Заххок (журнальный вариант)
Заххок (журнальный вариант) читать книгу онлайн
В романе Владимира Медведева "Заххок" оживает экзотический и страшный мир Центральной Азии. Место действия - Таджикистан, время - гражданская война начала 1990-х. В центре романа судьба русской семьи, поневоле оставшейся в горах Памира и попавшей в руки к новым хозяевам страны. Автор - тоже выходец из Таджикистана. После крушения СССР русские люди ушли с имперских окраин, как когда-то уходили из колоний римляне, испанцы, англичане, французы, но унесли этот мир на подошвах своих башмаков. Рожденный из оставшейся на них пыли, "Заххок" свидетельствует, что исчезнувшая империя продолжает жить в русском слове.
Внимание! Книга может содержать контент только для совершеннолетних. Для несовершеннолетних чтение данного контента СТРОГО ЗАПРЕЩЕНО! Если в книге присутствует наличие пропаганды ЛГБТ и другого, запрещенного контента - просьба написать на почту [email protected] для удаления материала
Нет, я не позволю. Либо с ним, либо с собой что-нибудь сделаю.
Подобные мысли мелькали еще дома, в Талхаке. Наверное, каждый человек хоть раз в жизни о таком думает. Я утешалась, обдумывая — тогда еще не всерьез — разные варианты. Представила себя висящей с высунутым языком и вытаращенными глазами и мне стало дурно. Гадость какая! Утопиться в речке, отравиться... Тоже ничуть не лучше. Раздувшаяся в воде утопленница, или почерневшее от яда лицо, скрюченное тело... Б-р-р... Отвратительно. Нет, так — бесцветно, бессильно, покорно — нельзя уходить из жизни! Я вспомнила рассказы о таджикских девушках, сжигавших себя заживо. Прежде я удивлялась: разве нельзя как-нибудь по-другому? Чтоб умирать было не больно. Теперь, кажется, понимаю. Только так можно выразить гнев, возмущение, вызов, непокорность. Меня охватило странное чувство, что эти сгоревшие девушки — мои сестры. Я вспомнила картину «Свобода на баррикадах» и представила, как размахиваю огромным пылающим факелом и веду за собой бесстрашных отчаявшихся девушек всего Таджикистана...
Но мама и Андрюшка преградили нам путь. И папа тоже. Только папа стоял немного в отдалении, в тени, а потому я его не видела, но чувствовала, что он здесь.
Мама, наверное, еще ничего не поняла или не захотела понимать. Она сказала строго: «Зарина, сейчас же прекрати баловаться с огнем. Малейшая неосторожность, и ненароком подожжешь дом».
Я ответила: «Хорошо, мамочка. Я отойду как можно дальше».
А сама подумала, что дом Черноморда —змеиное гнездо, которое надо сжечь дотла. И пепел по ветру развеять.
«Что ты такое говоришь! — возмутилась мама — В доме люди живут. Ни в чем не повинные. Их ты тоже собираешься, как ты только что выразилась, сжечь дотла?»
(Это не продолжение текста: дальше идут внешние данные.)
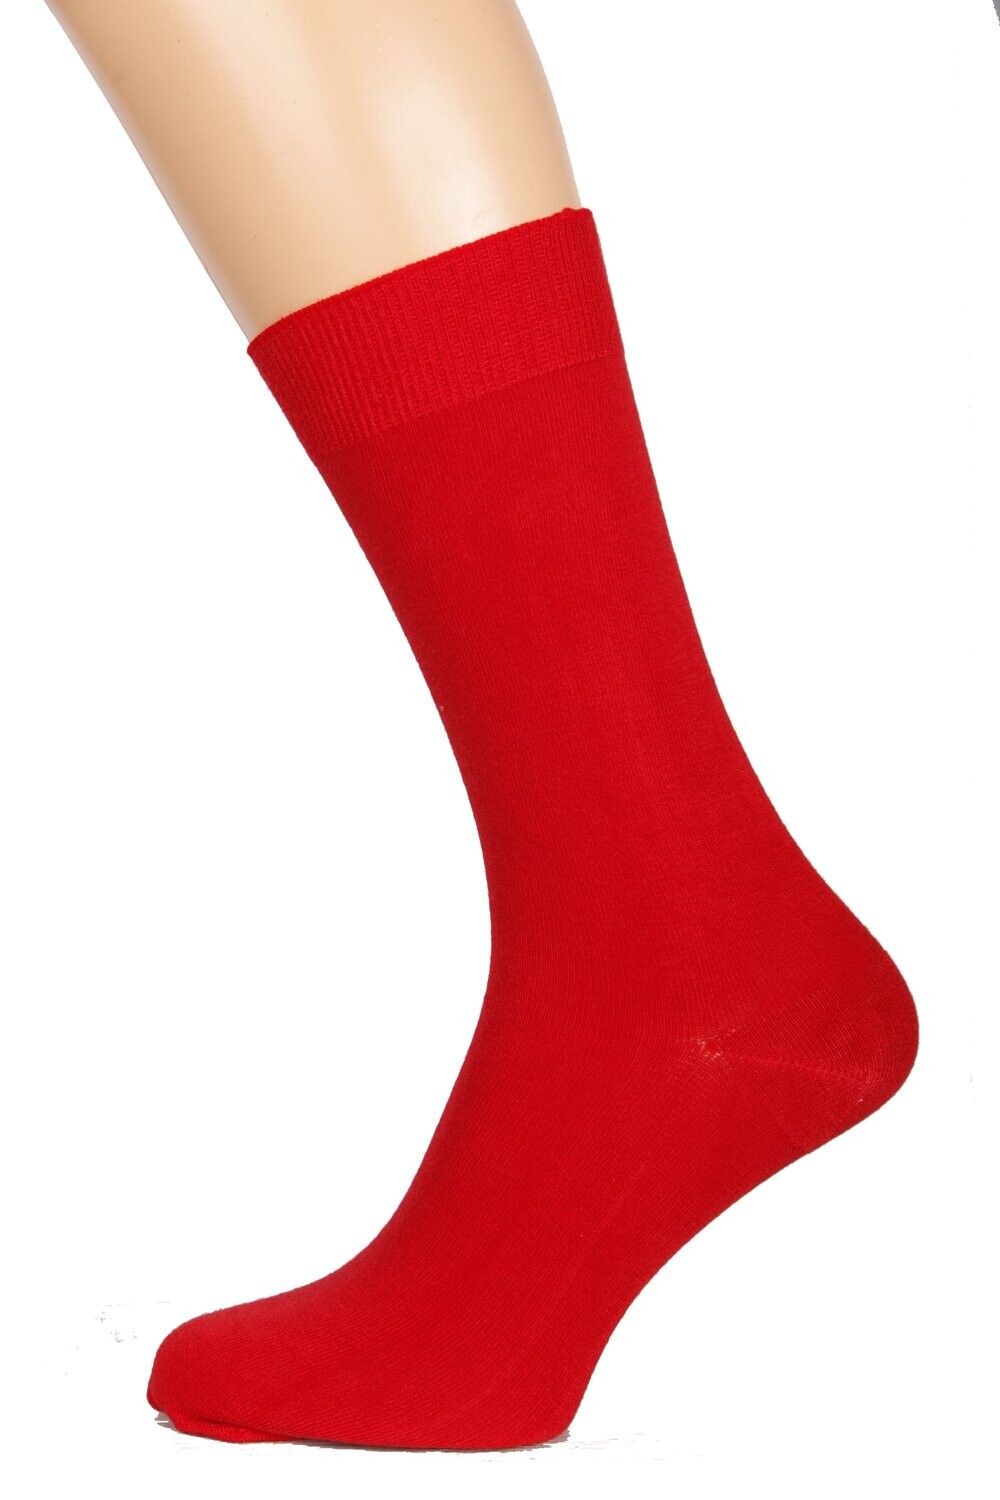 TAUNO men's red socks

Из толпы девушек выскочила Заринка, моя вторая... нет, моя десятая натура, и закричала: «Мама! Она не будет поджигать дом. Она себя собирается сжечь! Она меня, меня сожжет! Почему ты думаешь о других, а не обо мне?!»
«Глупости, — сказала мама. — Зарина никогда так не поступит. Я запрещаю».
Я спросила: «Ты хочешь, чтобы Черноморд... — я не знала, в каких словах поднести это маме. — Ты хочешь, чтобы Черноморд... надругался надо мной?»
«Господи, Зарина! — воскликнула мама. Потом сказала: — Но есть же другие выходы...»
«У меня их нет», — сказала я.
«Есть выход! — крикнул Андрей. — Убей его!»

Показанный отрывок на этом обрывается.